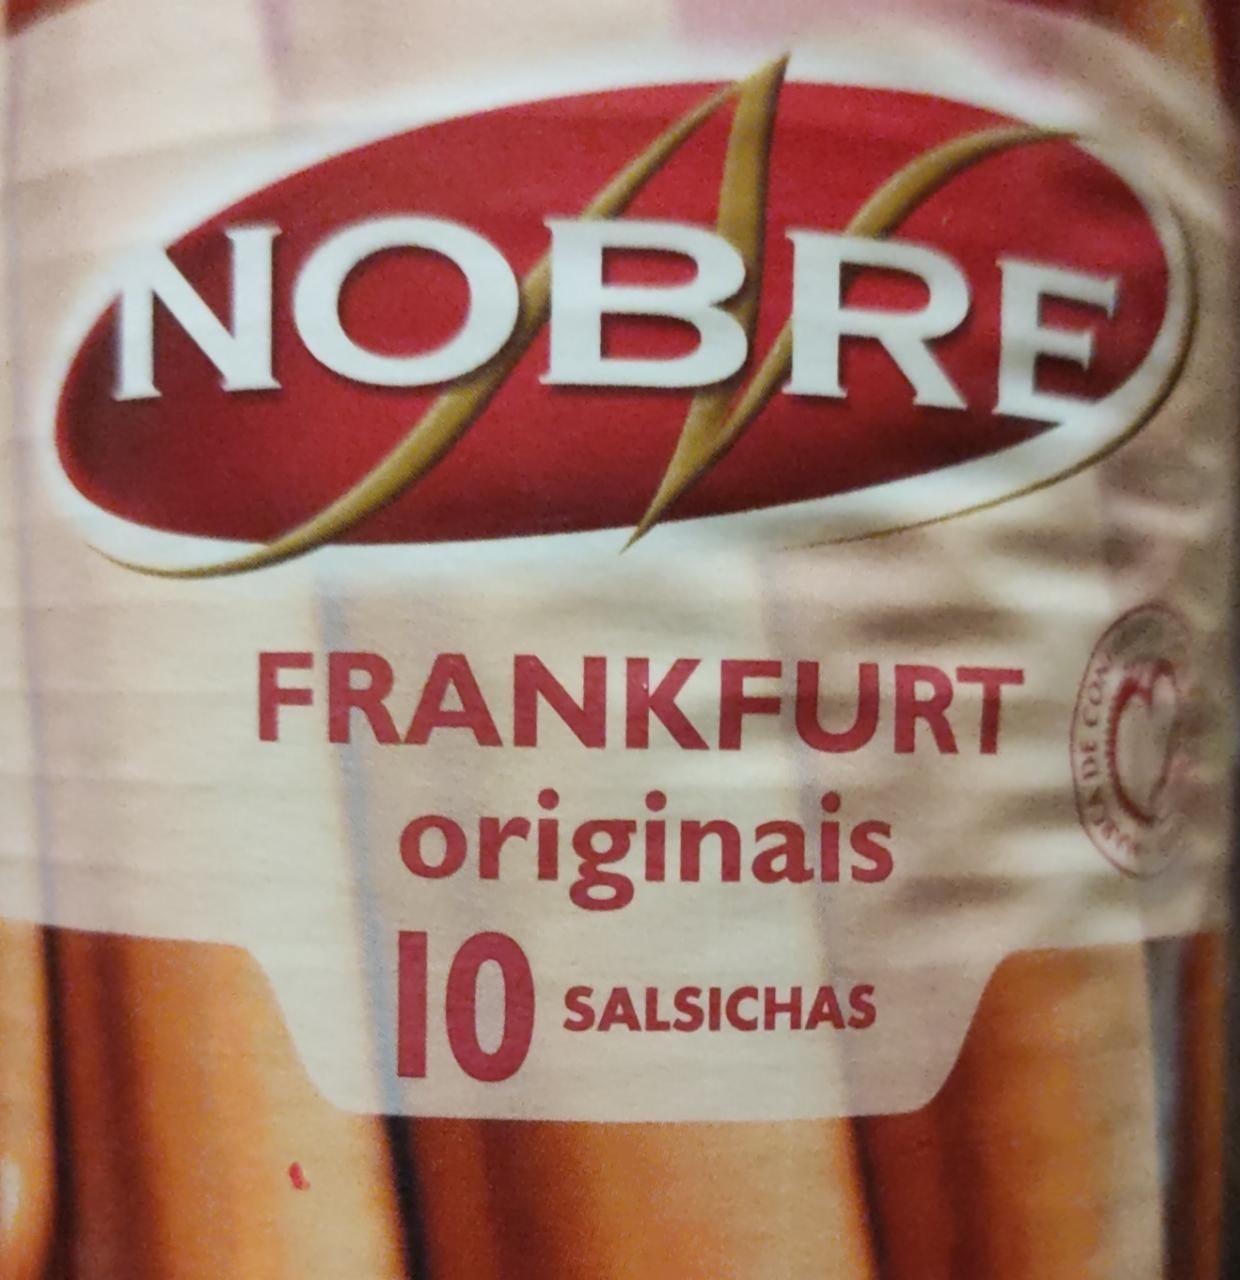 Фото - Frankfurt originais 10 Salsichas Nobre
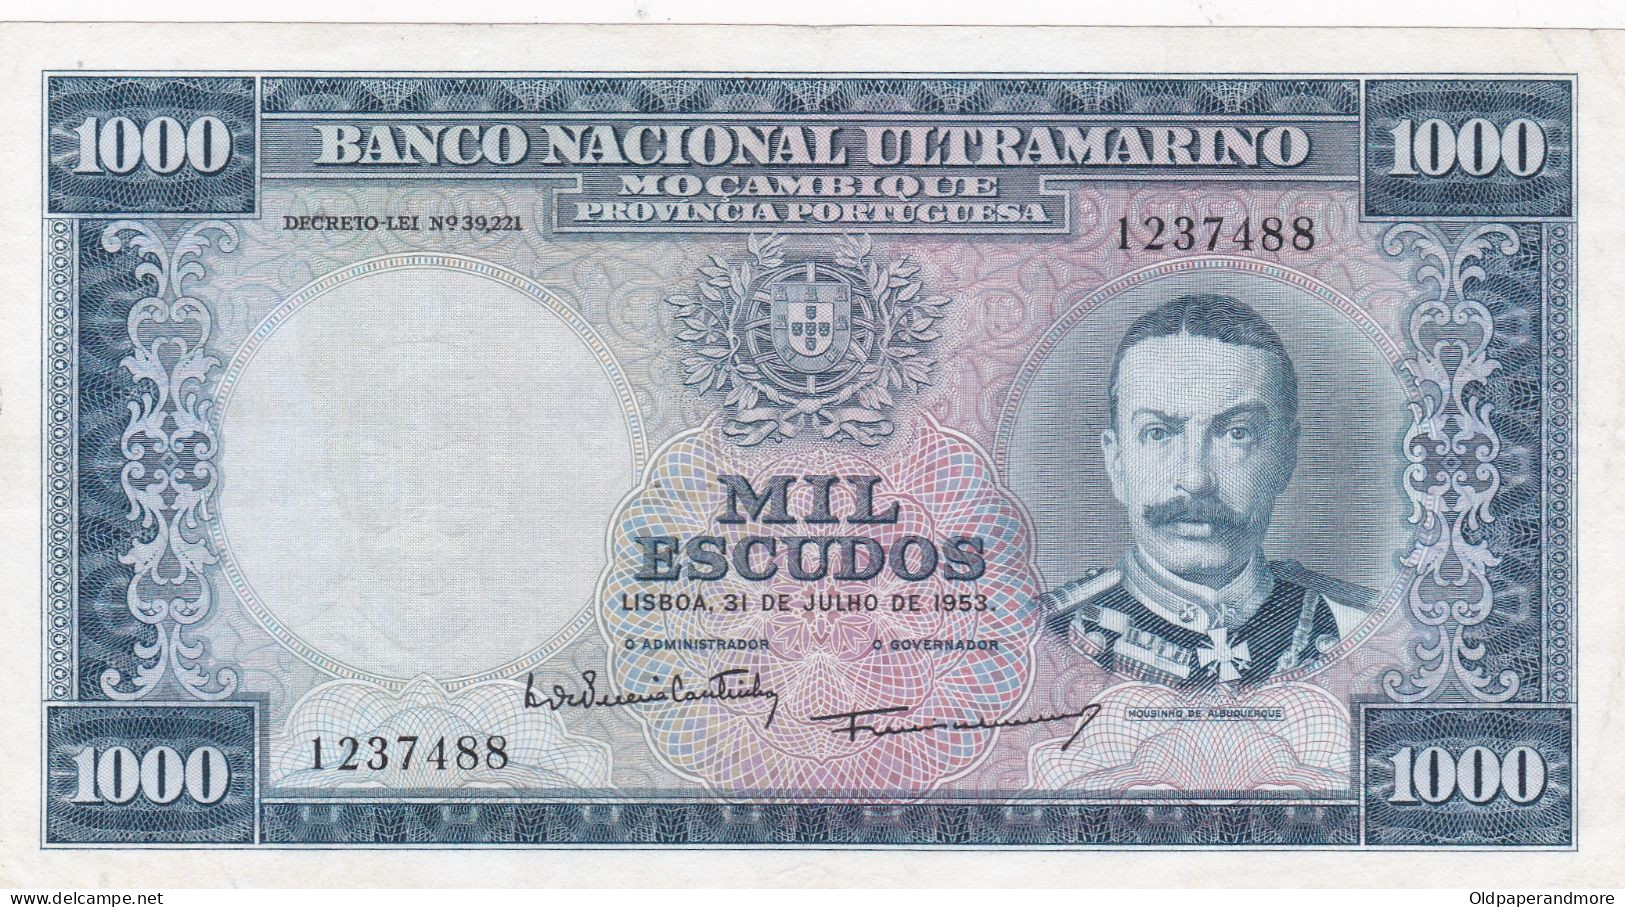 PORTUGAL MOÇAMBIQUE - MOZAMBIQUE - BANK NOTE - BANKNOTE - 1000$00  - 31/07/1953 - Portugal
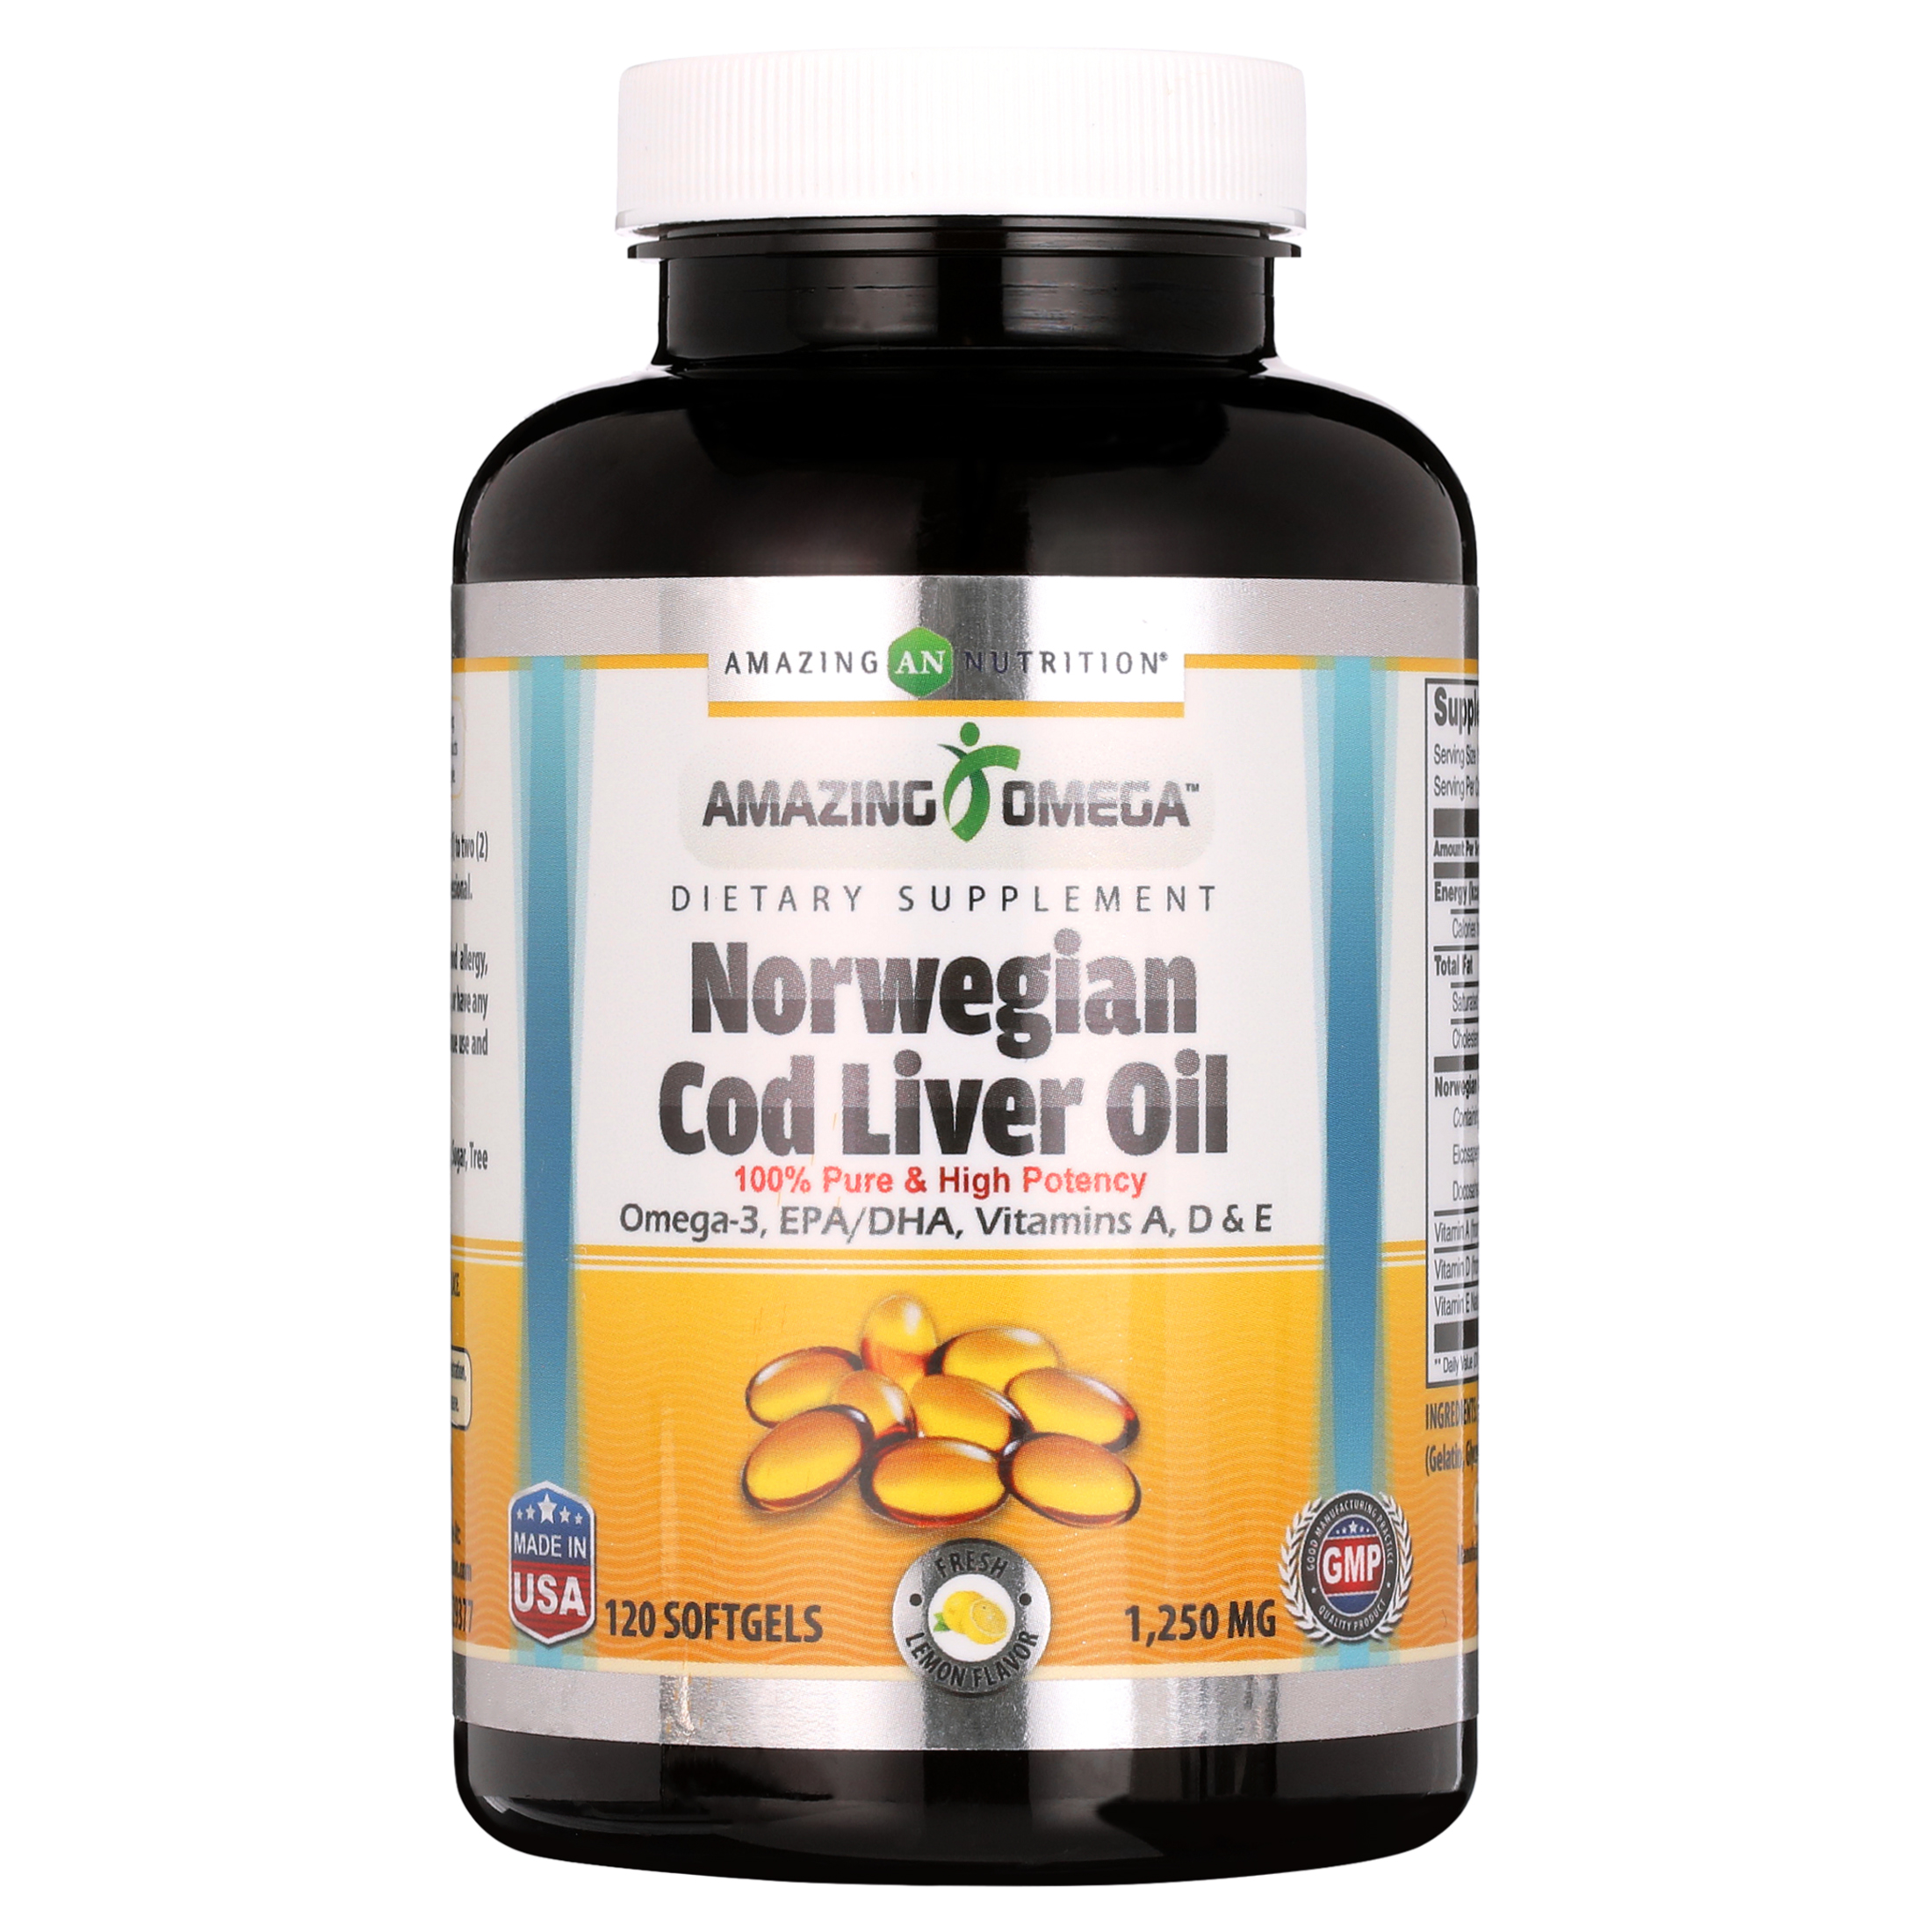 Amazing Omega Norwegian Cod Liver Oil 1250mg 120 Softgels - image 1 of 7
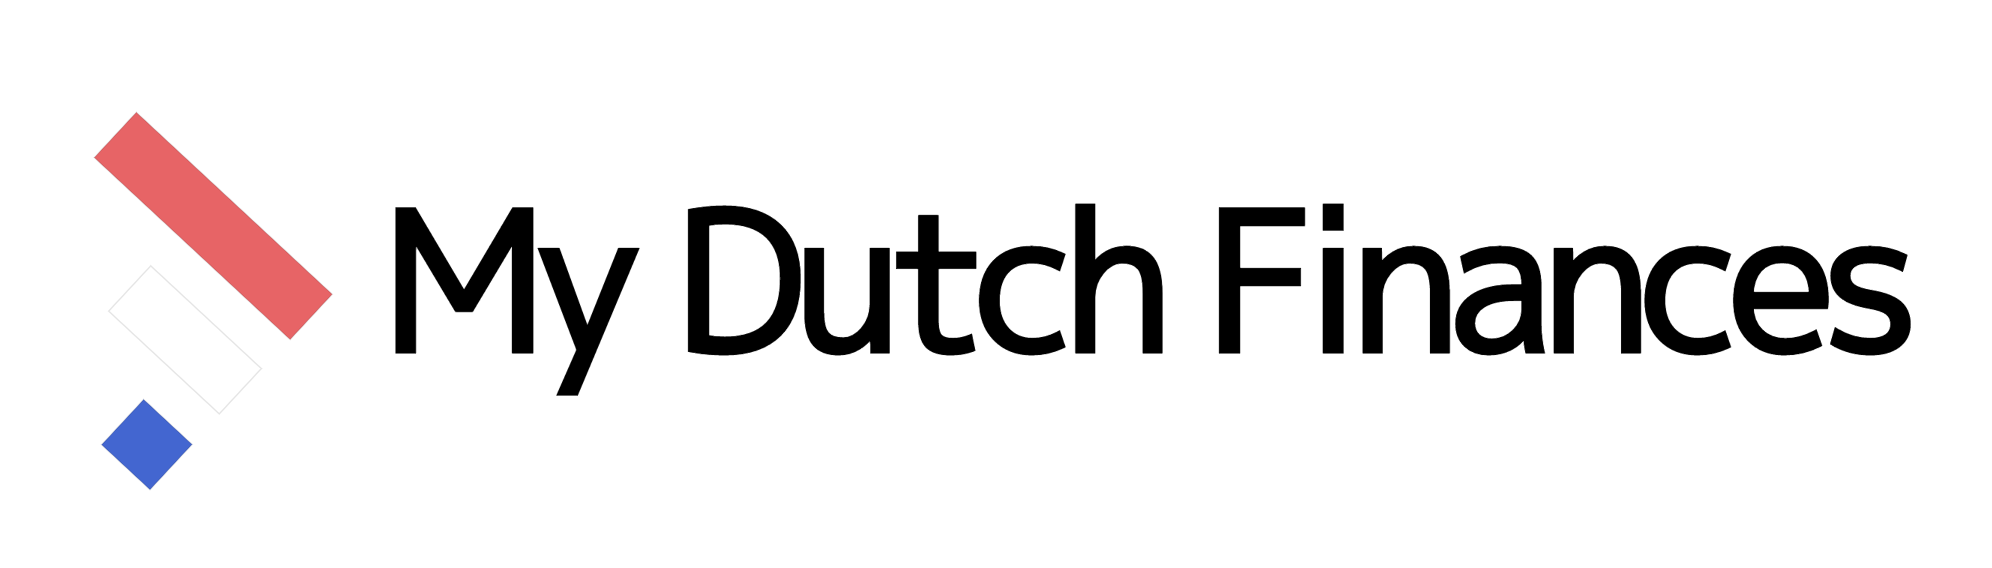 My Dutch Finances Logo
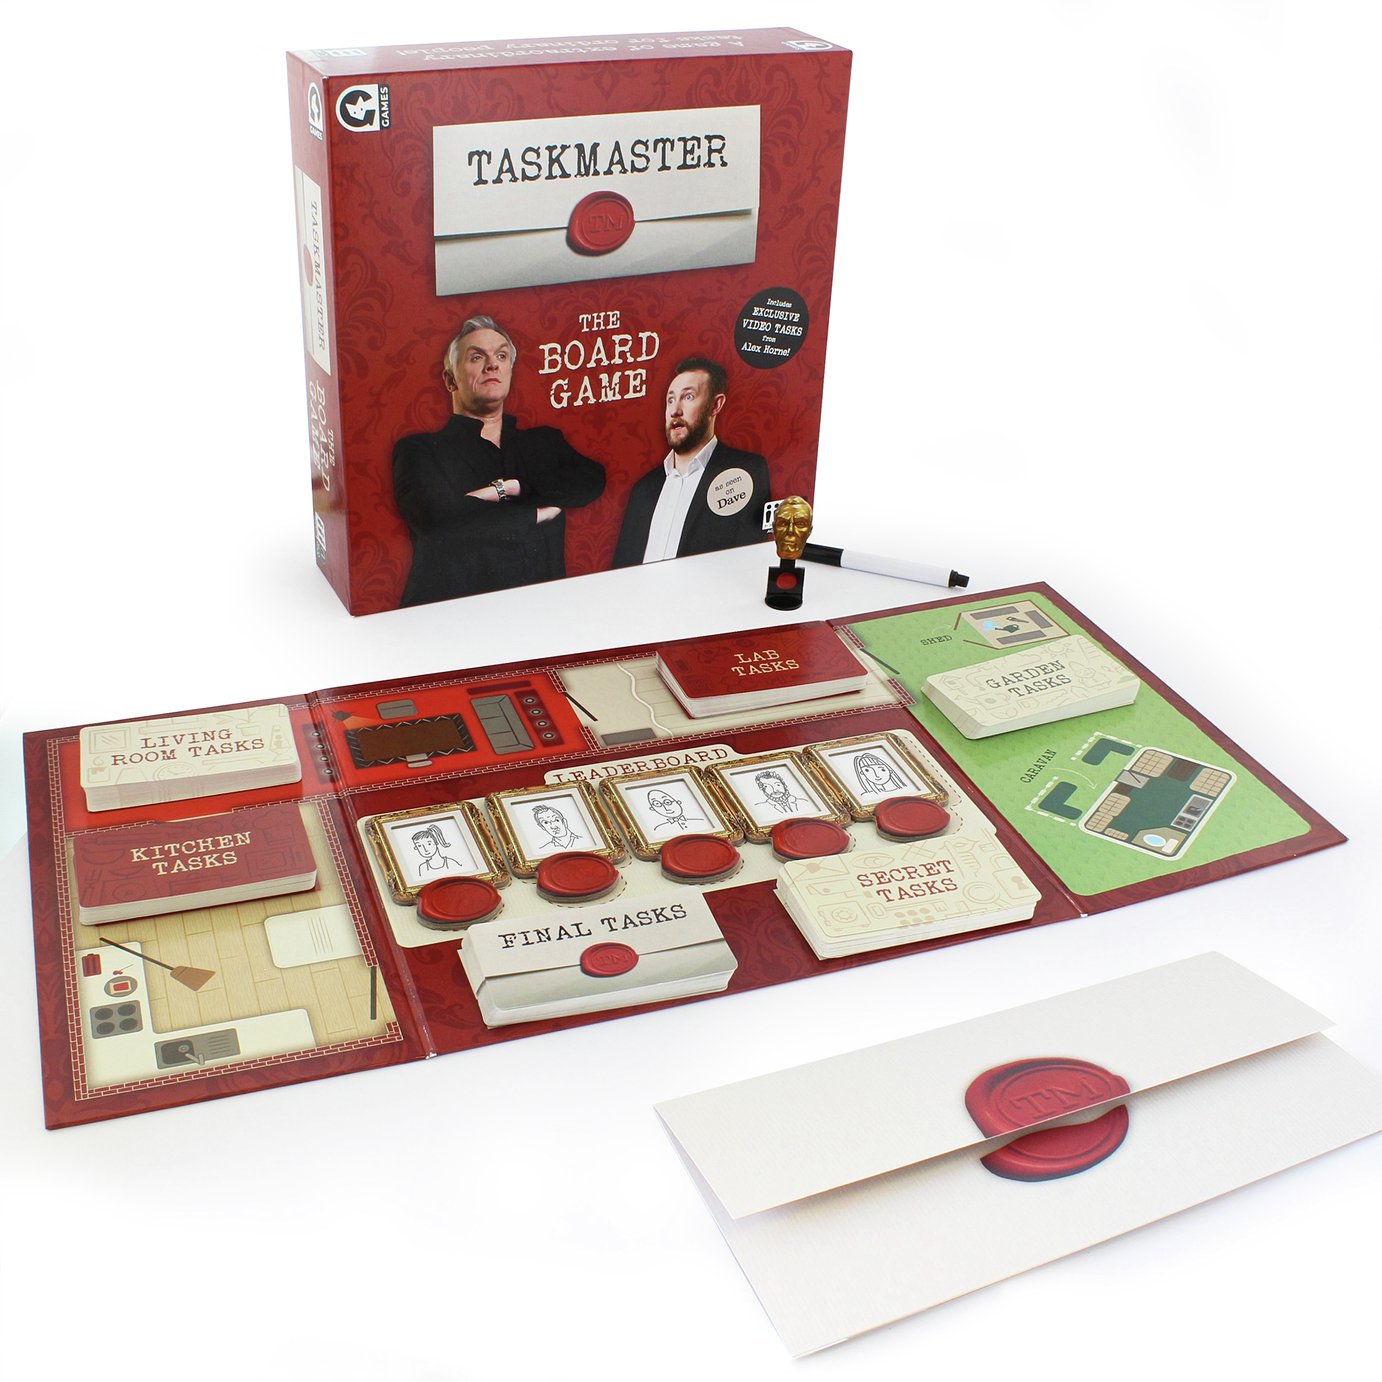 Taskmaster Board Game Review

^^^^^^^^^^^^^^^^

== Task goal ==
Any picture in the listing is to be omitted. Return exactly the lines from the one containing "PORTUGAL MOÇAMBIQUE - MOZAMBIQUE" through its last line, both included, and only those.

== Reply to the task ==
 PORTUGAL MOÇAMBIQUE - MOZAMBIQUE - BANK NOTE - BANKNOTE - 1000$00  - 31/07/1953 - Portugal
 Amazing Omega Norwegian Cod Liver Oil 1250mg 120 Softgels - image 1 of 7
 My Dutch Finances Logo
 Taskmaster Board Game Review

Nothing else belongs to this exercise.